Liver cancer 'super vaccine' on trial in Birmingham
Doctors have taught blood cells to recognise liver cancer in a revolutionary combination treatment.
The "super vaccine" fights the disease while patients receive chemotherapy as well.
The trial is being run by The University of Birmingham and therapy is being carried out at Birmingham's Queen Elizabeth Hospital.
Liver cancer is notoriously hard to treat and although rare it is on the increase, the hospital doctors said.
The therapy is under way after five years of regulatory checks took place.
Dendritic cells, which are designed to flag-up diseases attacking the body, were manufactured in a purpose-built laboratory and mixed for eight days with proteins that the cancer uses to hide.
David Beddis, 70, from Hereford, was the first patient to undergo the treatment.

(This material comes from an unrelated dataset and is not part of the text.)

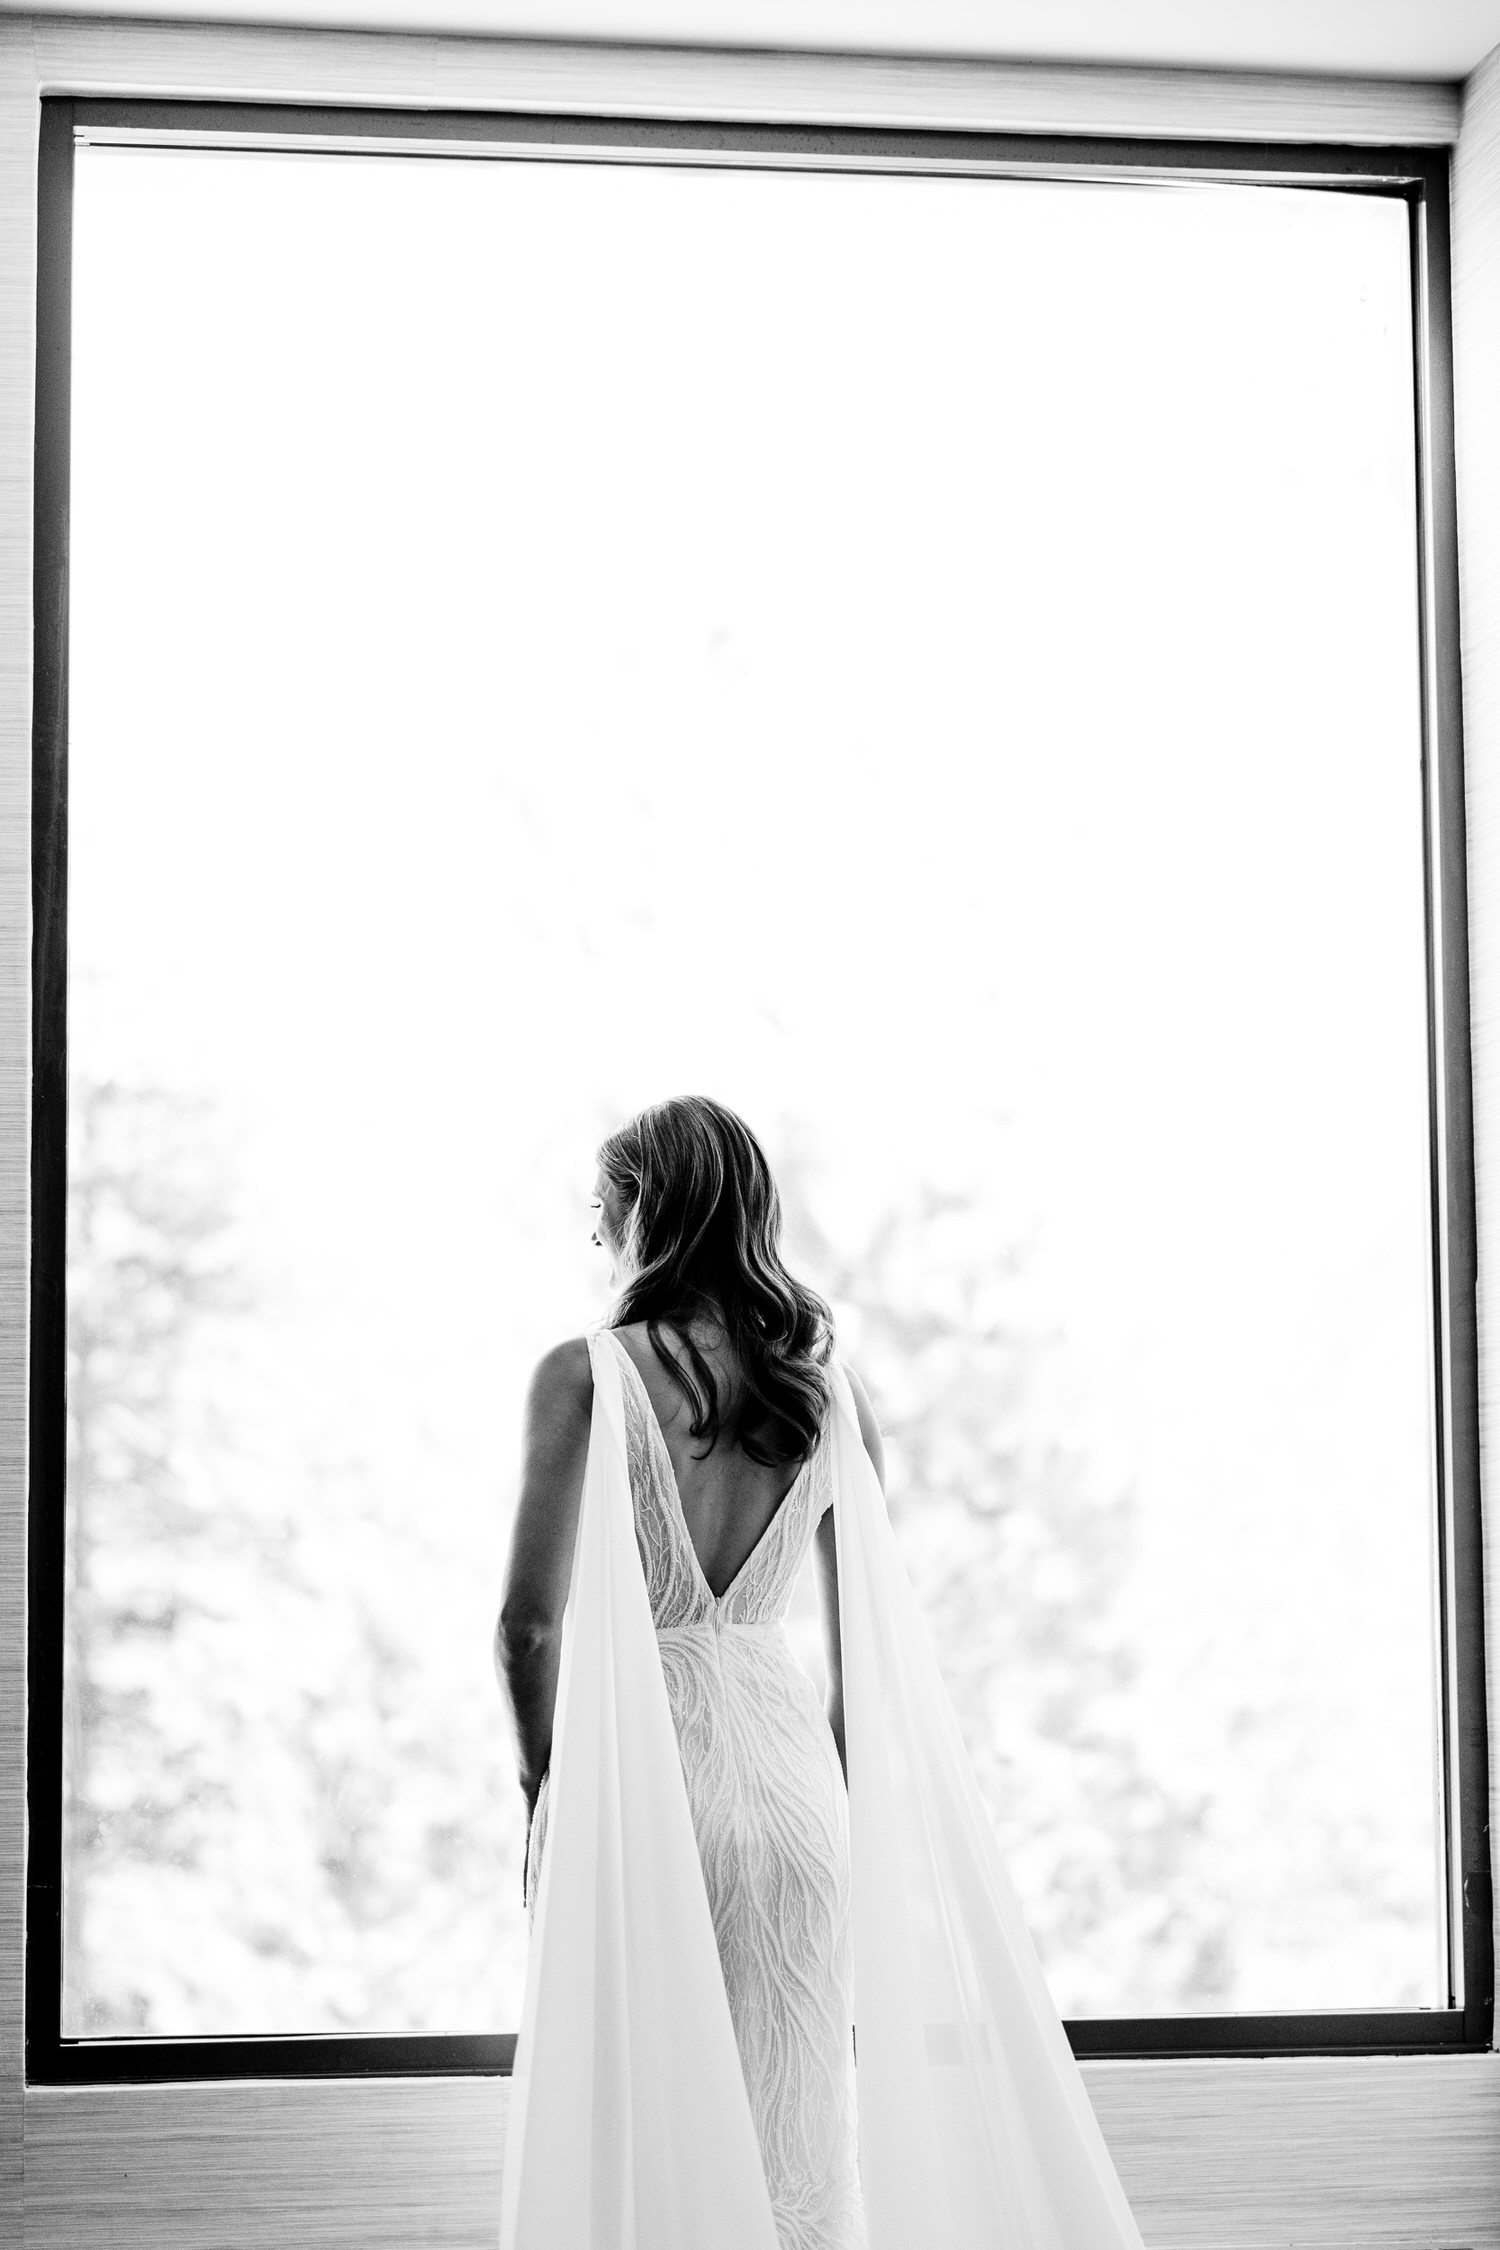 Minimalist black and white portrait of a bride standing in front of a large window, wearing a white dress with bridal wings pinned to the shoulders.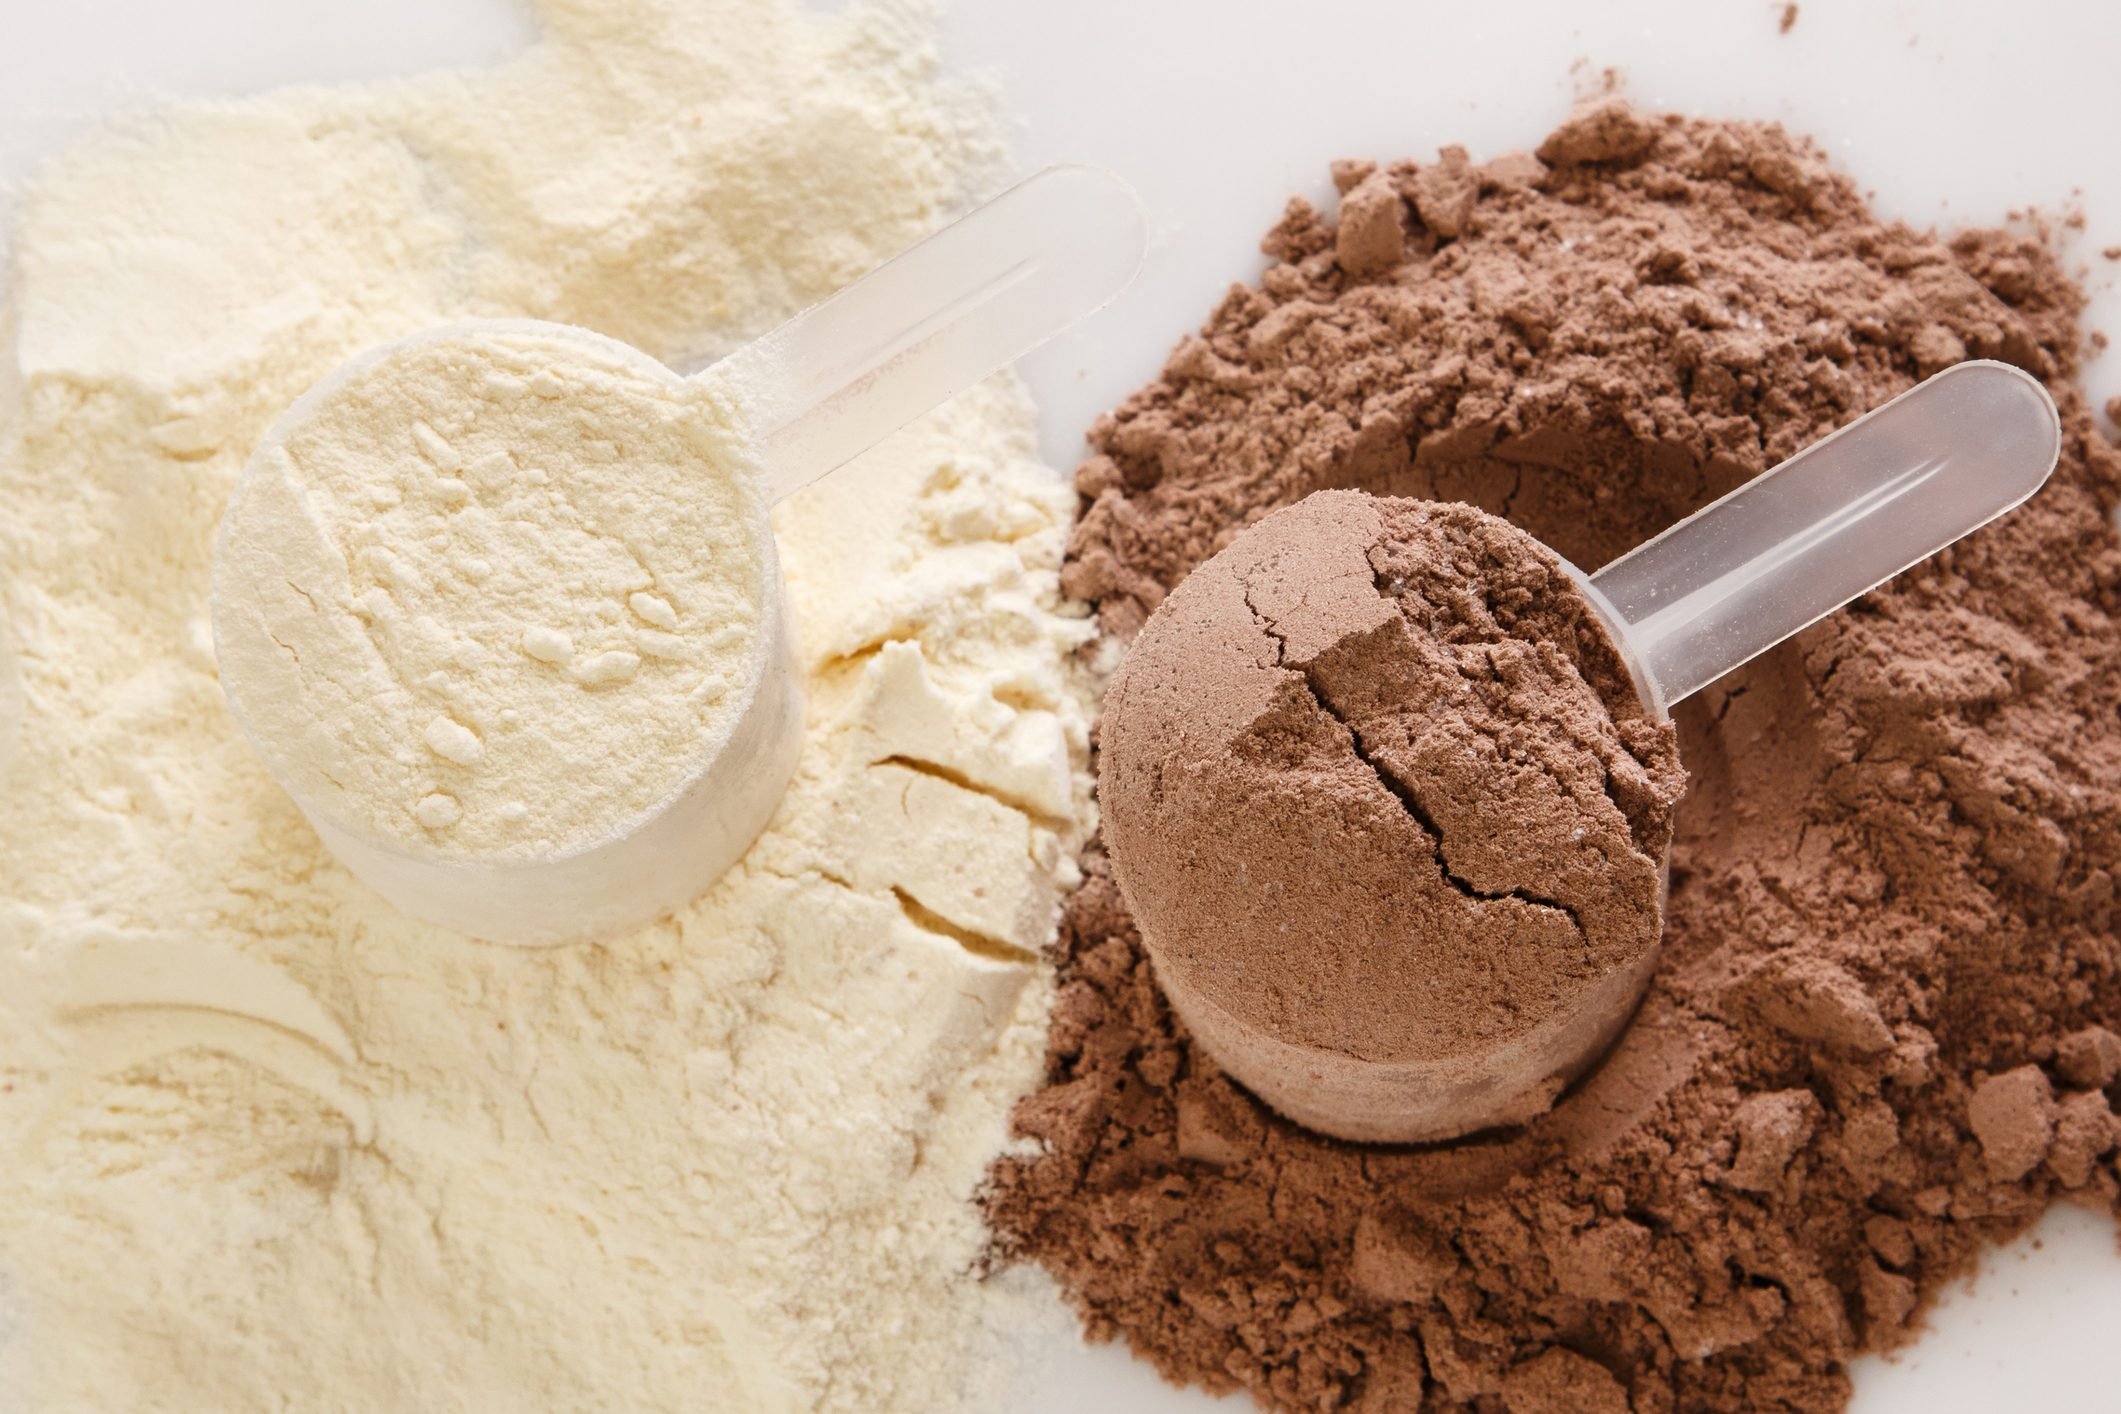 chocolate and vanilla protein powder in scoops

The first batch of cells were injected directly into his tumour through an artery, with follow-up infusions going into his blood stream.
Once injected, the cells are intended to help the body's immune system target and destroy the cancer cells.
Seventy patients will undergo the trial, with half receiving just chemotherapy and the others also receiving the dendritic cells vaccine.
Dr Yuk Ting Ma said: "Normally, dendritic cells vaccines have been given to patients with far more advanced stages of liver cancer where the immune system is far more exhausted.
"Now we're bringing in patients with intermediate level cancer to see if boosting their immune system will boost the overall response of treatment."
The trial, funded by the National Institute for Health Research and Medical Research Council, has taken five years to pass all the regulatory challenges.
The stem cell laboratory was first used in 2016 after many teething problems. It was originally due to open in 2012.